Of course, free lists may seem superficial if you are used to dynamic high level like Python or Ruby since you can simply remove elements in the middle of “Array” etc.
But remember that there are places where plain C-style arrays make sense: In operating systems, embedded applications and generally all other places where memory usage and speed is essential.
February 18th, 2007 at 9:58 am
What I like about this approach is the use of an array index as a pointer. By this you can use other data structures for different purposes: e.G. you could us a binary tree for range queries, a hashmap for point queries but still a free list for insertion. You’d just have to adapt your data structure and algorithms “a bit”.
Is this a common C idiom that I passed by because I passed by C?
February 18th, 2007 at 10:01 am
By the way, do you have a good idea to avoid fragmentation due to the deletion of entries?
February 18th, 2007 at 9:12 pm
Free lists are a common idiom in data structures themselves (Cormen calls it “aumenting data structures”, for example).

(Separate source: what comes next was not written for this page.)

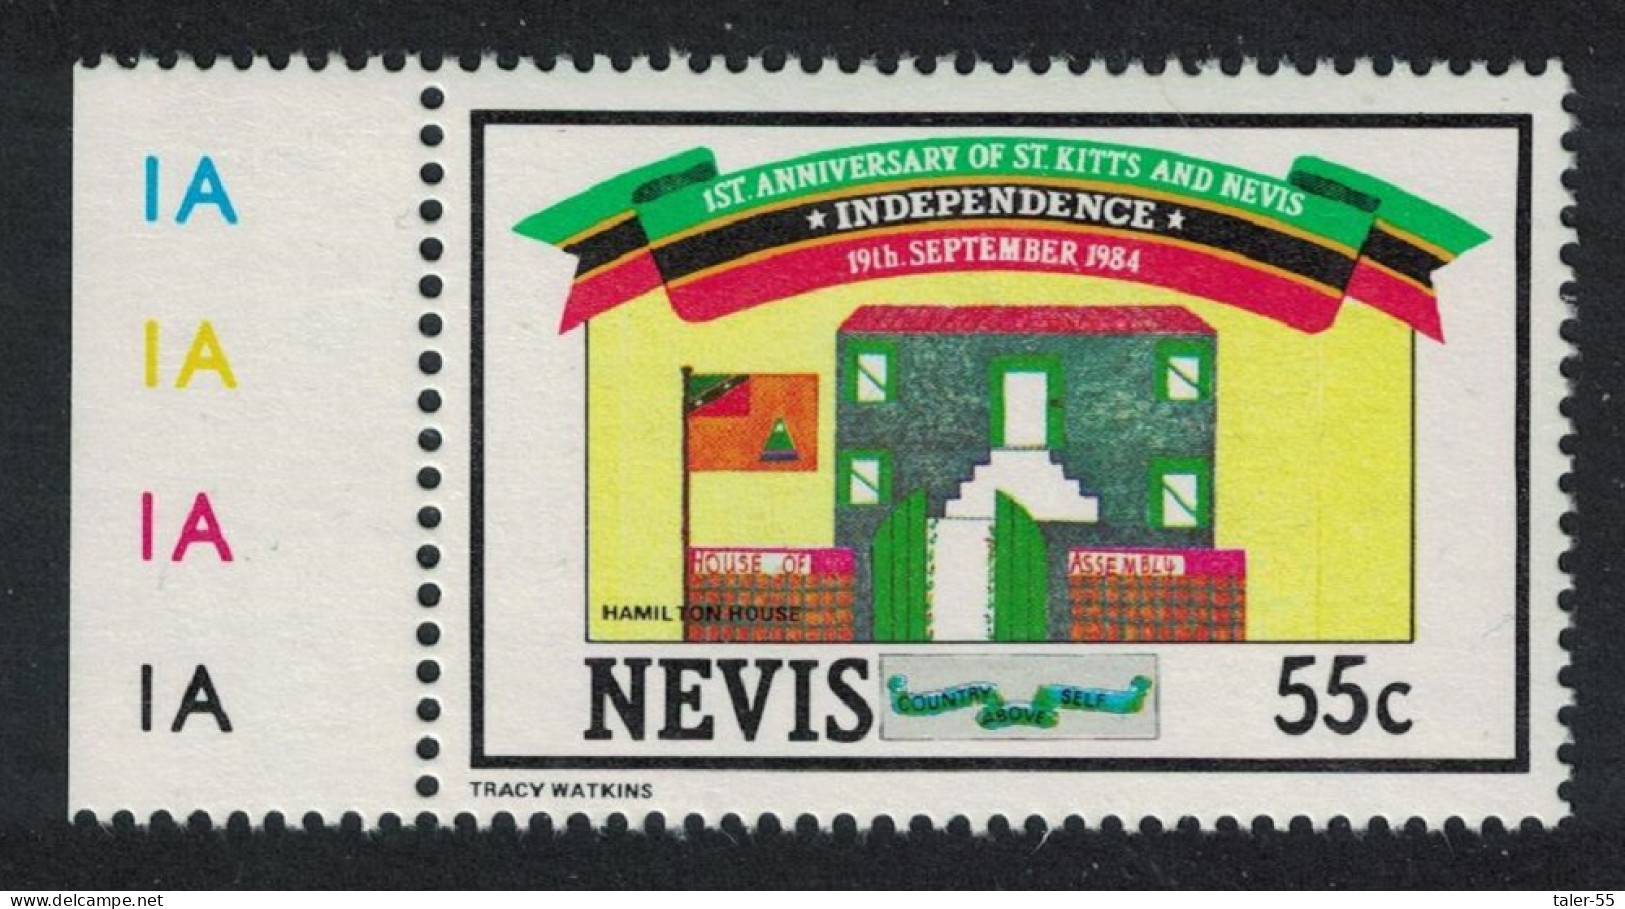 Nevis Alexander Hamilton's Birthplace 1984 MNH SG#200 - St.Kitts And Nevis ( 1983-...)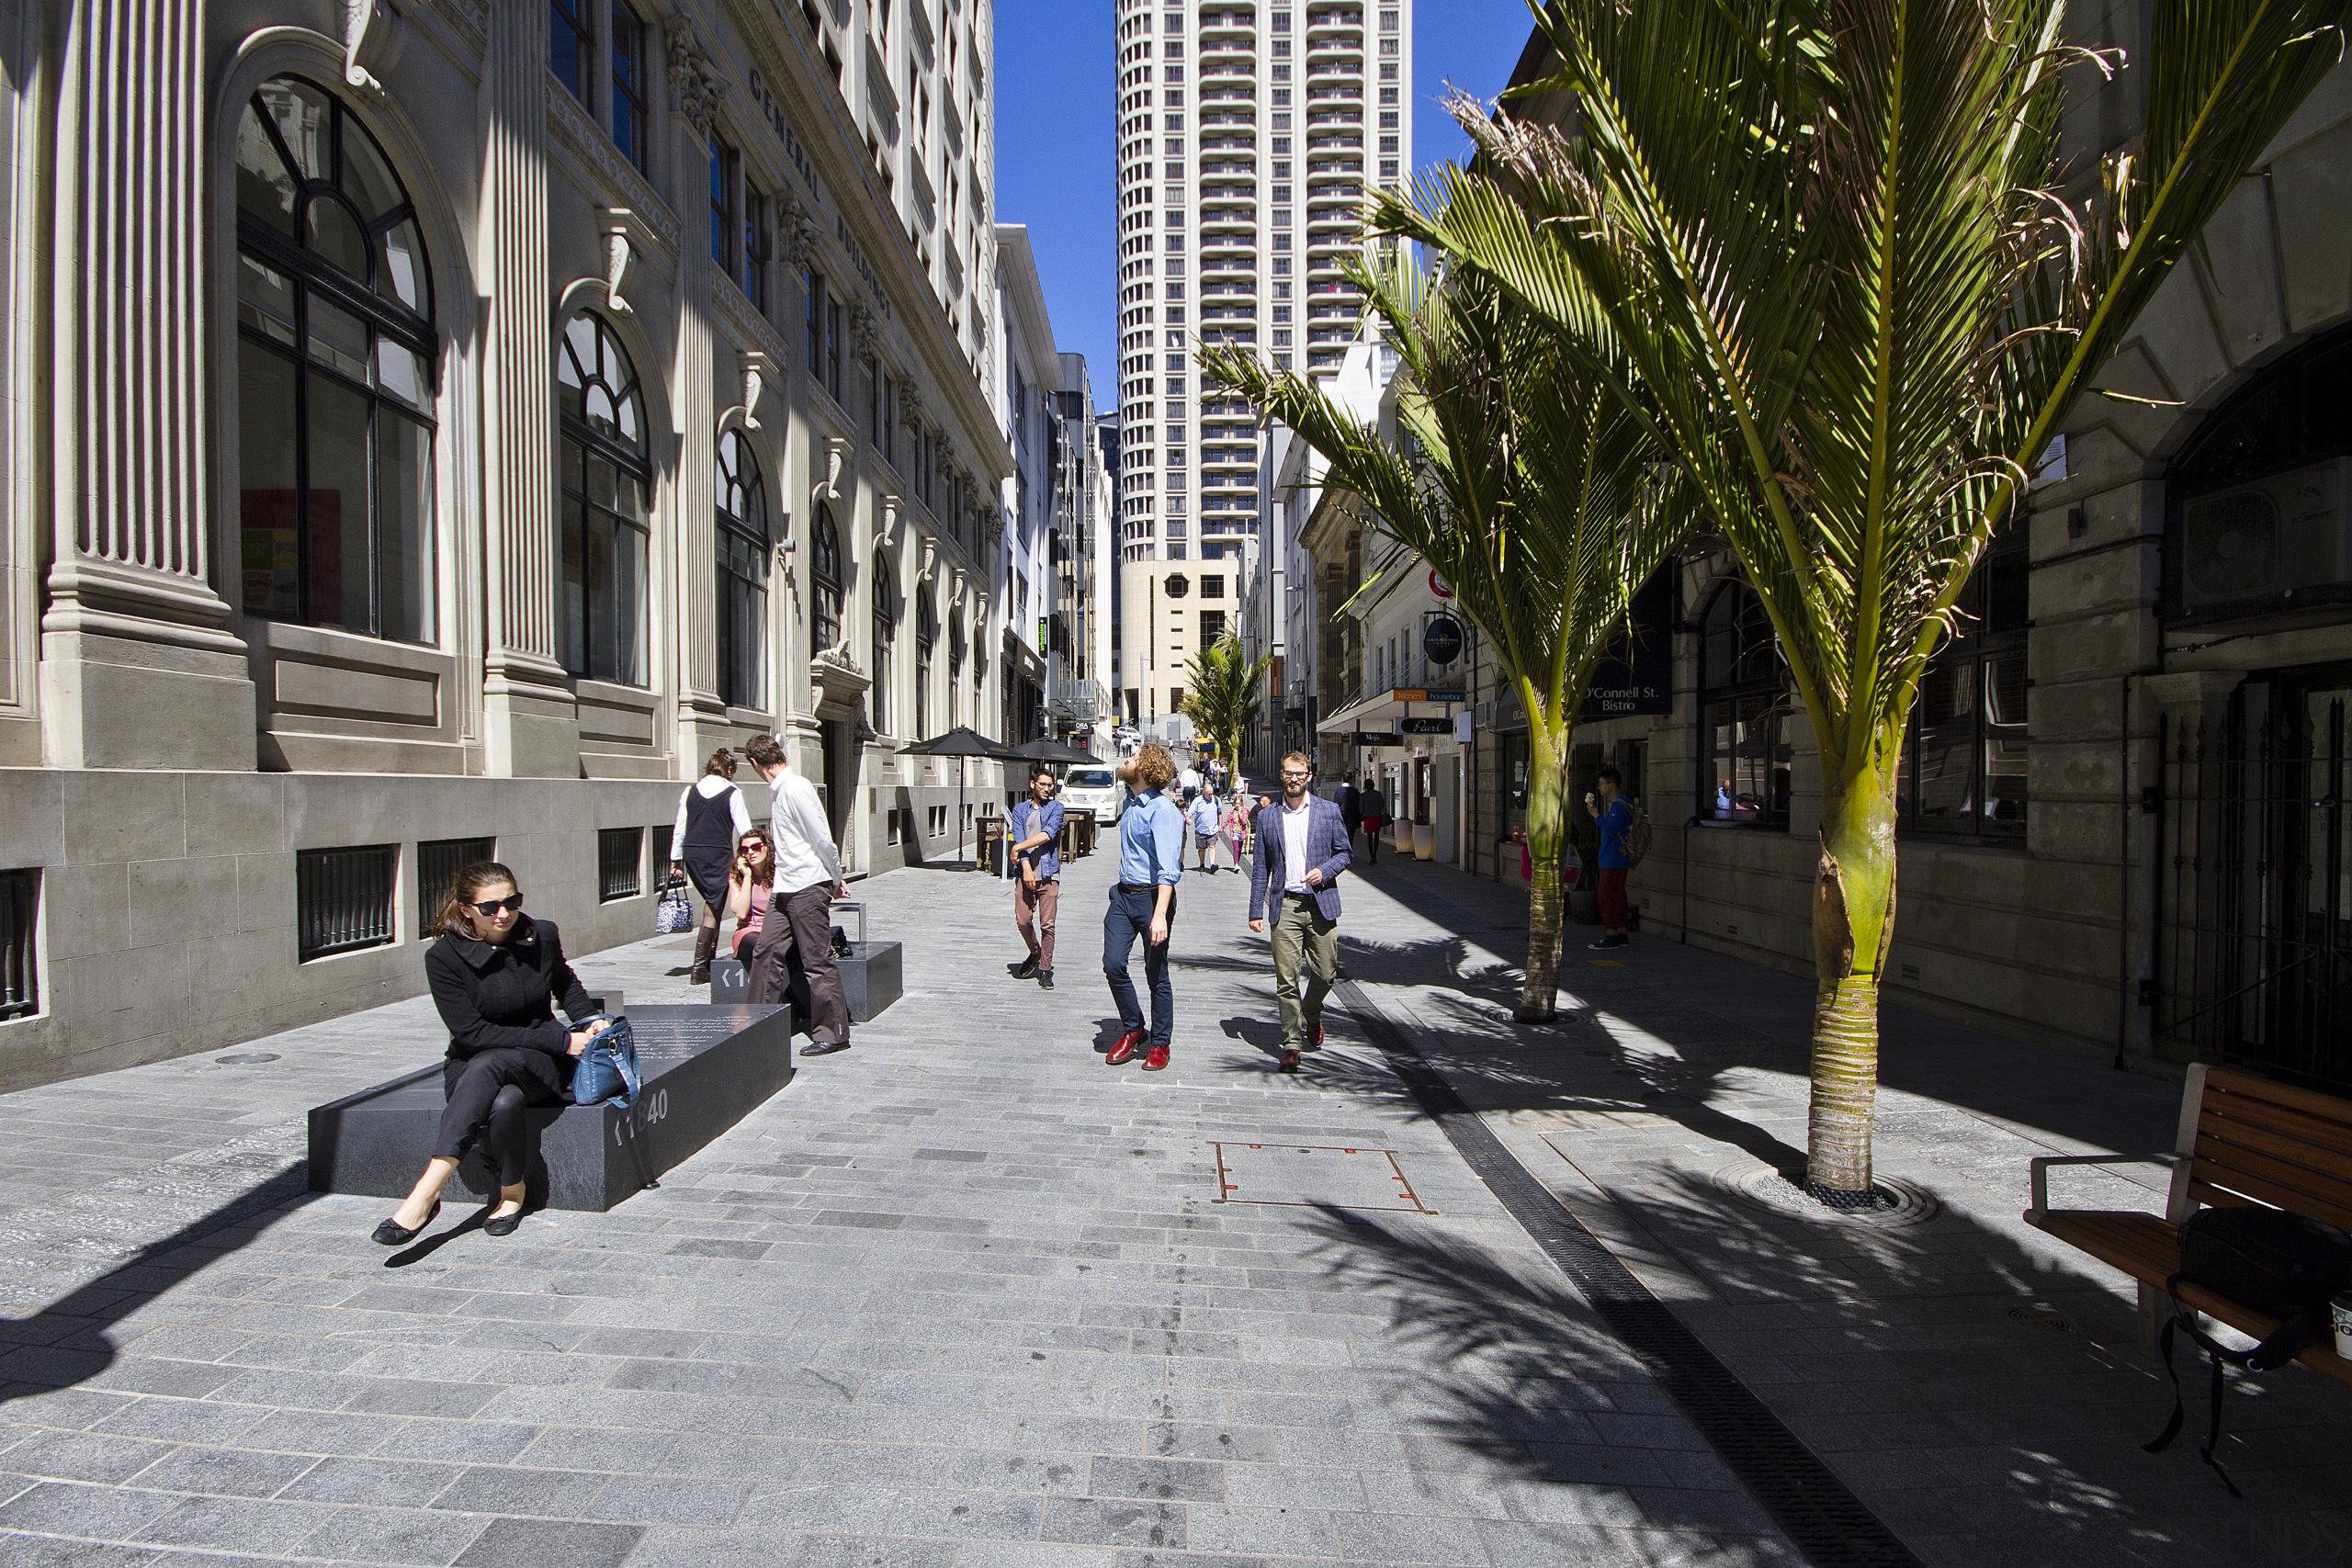 The OConnell Street shared space in the Auckland alley, asphalt, city, downtown, infrastructure, lane, neighbourhood, pedestrian, road, sidewalk, street, town, urban area, black, gray

The indexes are nothing more than simply pointers with &array as their base address. As far as I know, it could be considered “good C style” to drop pointers in favour of indexes when appropriate. Note, however, that using indexes only works best with data structures of static size - e.g. arrays.
When I want to insert the (MAX_CUSTOMER + 1)th customer then I have to reallocate the array since the indexes will not work correctly with “split” data structures. When I have a linked list of “customer tables” (each having MAX_CUSTOMER entries) then pointers would come in handy. Or I simply use a free list for every table.
An remember, array[index] is nothing more than just writing *(&array + index * sizeof(content_type)).
I do not know a good answer to overcome internal fragmentation. Regular compaction - “defragmentation” - would come at an actually noticeable cost. However, amortizedly analyzed, the cost should disappear.